And the media wonders why people have a jaundiced attitude toward them?
Give me a break! Philips is saying he's vindicated based on the story of Isaac --a convicted murderer who was off the record and now is on the record? What does it prove? And how did The Smoking Gun's Bill Bastone figure out the documents were forged within just a few hours but the "Pulitzer-winning" Philips couldn't tell after several days, if not weeks, to study them?
How about some front page retractions for all those biased stories Philips wrote about his other shady source, Anthony Pellicano? In a shameful breach of journalism ethics, Philips wrote several stories slamming the FBI and the prosecutors of Pellicano's case -- even though he never disclosed that the wiretapping thug was a longtime source. Shockingly, Philips also wrote letters behind the scenes to a key witness, asking him if he "remembered" specific things that might help Pellicano win his case. Check out http://patterico.com/2008/11/2...
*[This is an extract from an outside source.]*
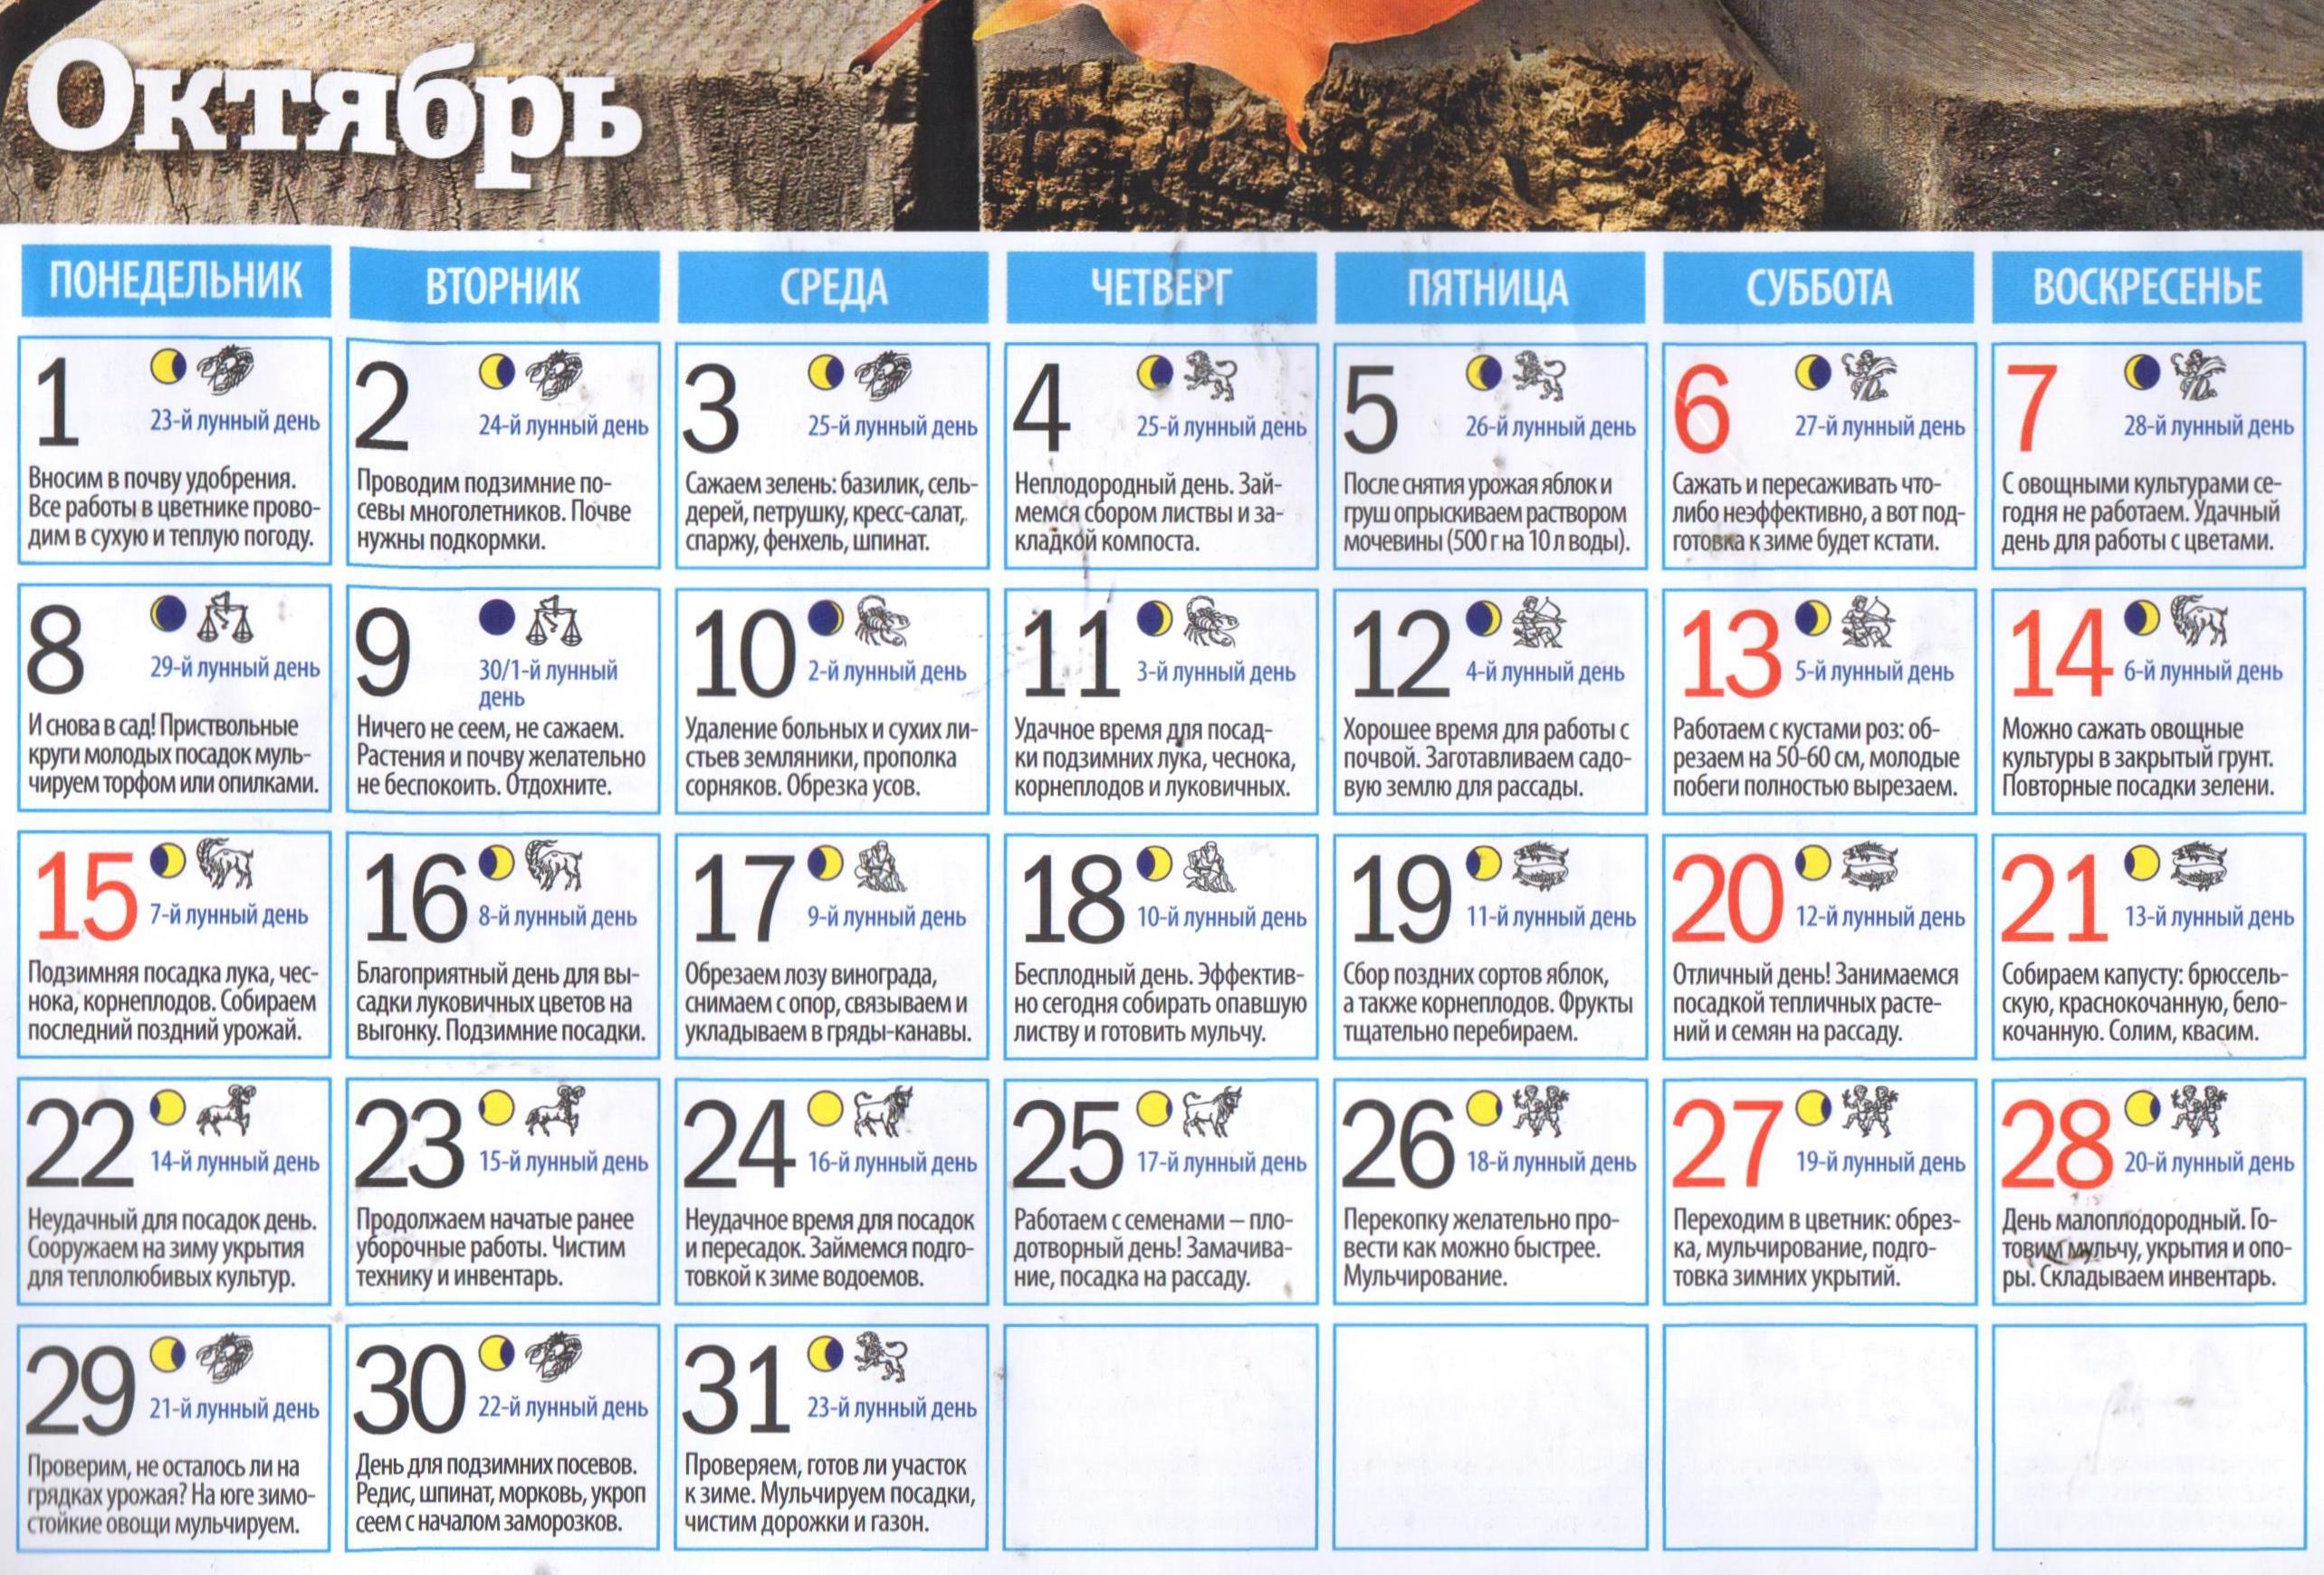 Лунный календарь огородника на октябрь 2018 года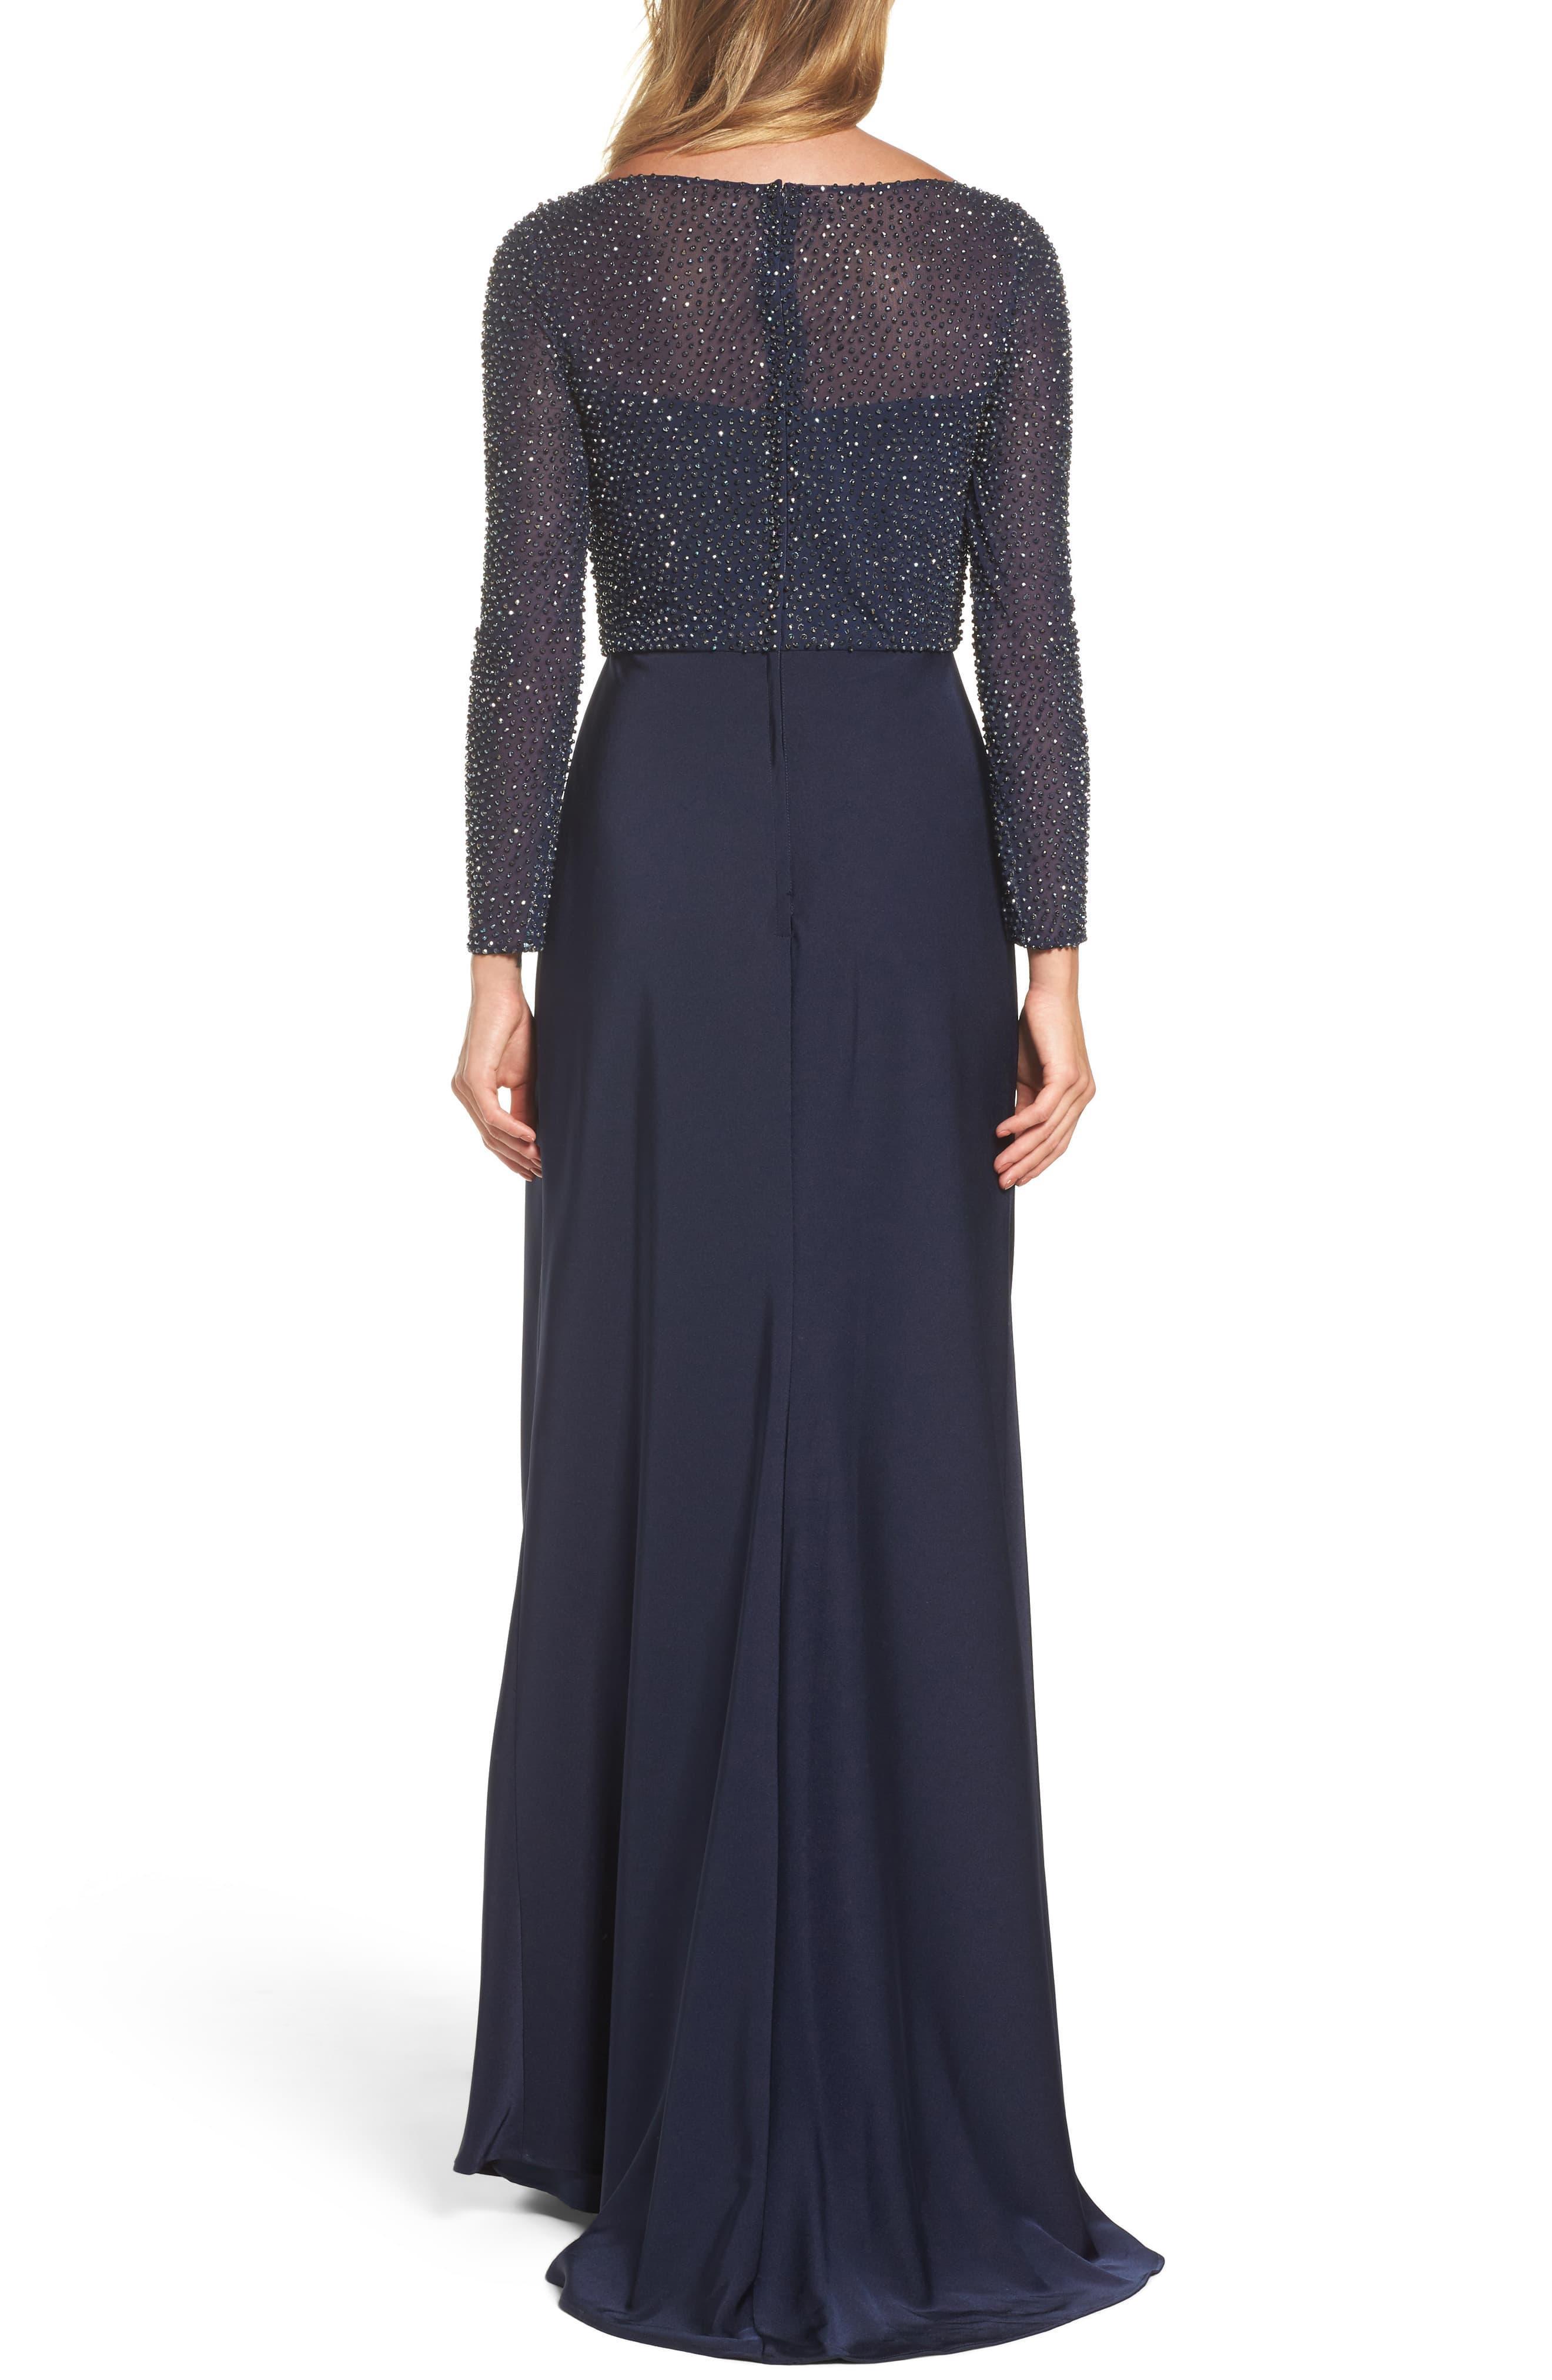 7429132ed41 La Femme - Blue Bead Embellished Gown - Lyst. View fullscreen

I worked at the LAT and the culture had always been that reporters fall on the sword for editors. Phillips was trying to get to the truth, which is the entire goal of any reporter worth his or her salt. But why would a person with noble intentions devote their life to a cause attached to a cooperation where management is clearly corrupt? Phillips will never in a million years get a public apology from the Times, but I hope he keeps the issue alive and keeps applying pressure. I have seen editors ruin careers of so many solid reporters. CYA was always the motto among editors from my vast experience as a reporter. It is disgusting. Phillips should call each editor out by name and demand an apology. Although most are probably no longer there because eventually each gets exactly what they gave, it's just a matter of time. The Los Angeles Times sacrificed a Pulitzer Prize winning reporter because the editors in power are more worried about their mortgages and no longer remember why they got into journalism in the first place. Do you think anyone running the LAT cares about the First Amendment? It's laughable even trying to imagine they do. The sad truth is that any young reporter after Phillips knows better than to try to tackle such a controversial investigative piece. Better to stick to the fluff and make sure you punch in and out in order to get paid. Yes, copy editors at the Times now must use a timeclock. It's just a matter of time before reporters will too.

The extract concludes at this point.